Penang eateries experiencing a drop in seafood sales


Large haul: Dockworkers unloading a catch at the jetty in Pulau Ketam, Selangor. — KK SHAM/The Star

GEORGE TOWN: Major restaurants here have experienced a 20% drop in their seafood business due to concerns over marine pollution caused by the release of treated radioactive water from the Fukushima nuclear power plant in Japan into the Pacific Ocean, said the head of an association that represents some 40 major restaurants in Penang.

“Some of these restaurants even put a halt to their imports. Although our fish supply is not only from Japan, such worries have led to customers opting for local fish.

“Fortunately, waters around our country are still safe and we have many farms to produce enough for consumption.

“Some farms have developed so much that fishes sold come in larger sizes to satisfy more consumers,” said Penang Koo Soo Kwong Choon Tong Restaurant and Tea Shop Association chairman Vinah Yee.

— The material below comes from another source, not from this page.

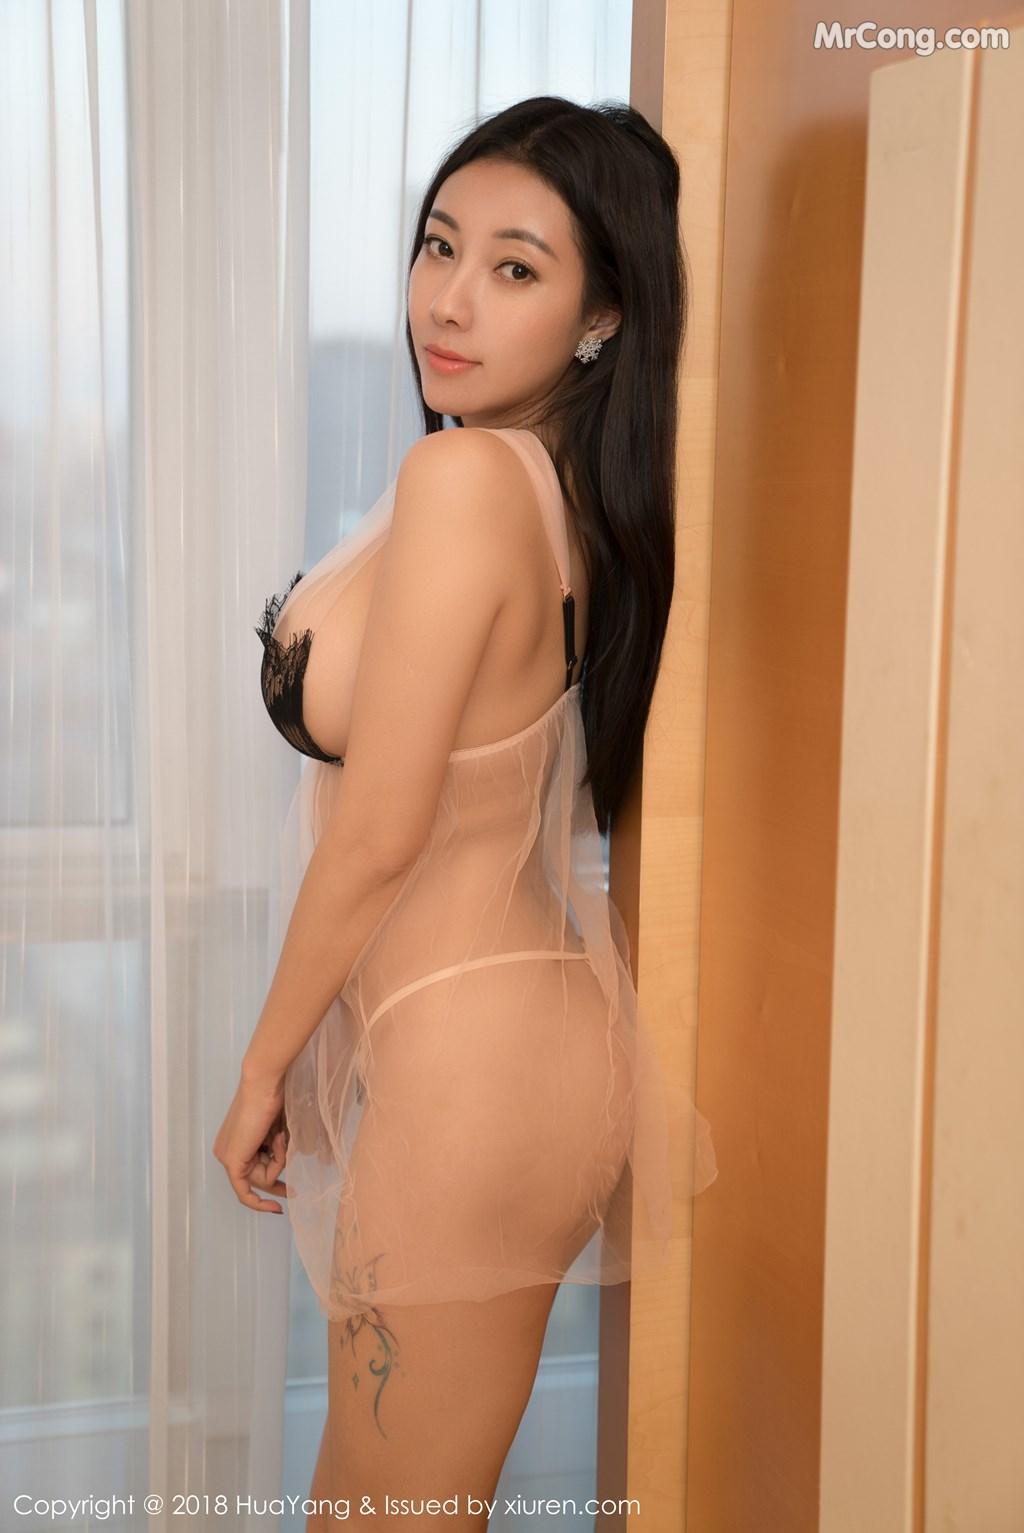 Image HuaYang-2018-01-26-Vol.028-Victoria-Guo-Er-MrCong.com-001 in post HuaYang 2018-01-26 Vol.028: Người mẫu Victoria (果儿) (41 ảnh)

Yee said prices of seafood products remain stable and customers who have concerns about it may opt for other meat products such as chicken, duck or pork.

“These other meats are widely available and affordable substitutes for any occasion,” she said.

As for bookings for year-end feasts, Yee said it has not begun and expects it to pick up from November onwards.

Maple Palace manager Alex Teoh said the restaurant has not received any year-end bookings as of yet, but added that it will be launching its new packages soon.

“We will release a series of new packages by the end of this month,” he said.

Fishmonger Abdul Mutalib Abdul Wahab, 48, said while restaurants might be facing a decline in orders, most locals are not really bothered over the situation in Japan.

“Locals are still buying. I only sell local fish sourced from Penang or neighbouring states.

“To my knowledge, our waters are not affected and as long as people do not spread fake news, we will not be affected.

“The price of fish has dropped but this is because there is more supply than demand.

“This is normal as there are no occasions or celebrations right now and people just buy to cook for their everyday household needs,” he said when met at the Tun Sardon market here.

Abdul Mutalib said he was selling fish at a cheaper price as most of his customers are elderly or from single income households.

“I have been here for 30 years and know these people, so I care but others do sell it for more.

“Right now, we are not facing the effect of the news about Japan.

“As long as the people’s perception about local fish and seafood does not change, I foresee it will be business as usual for us,” he said.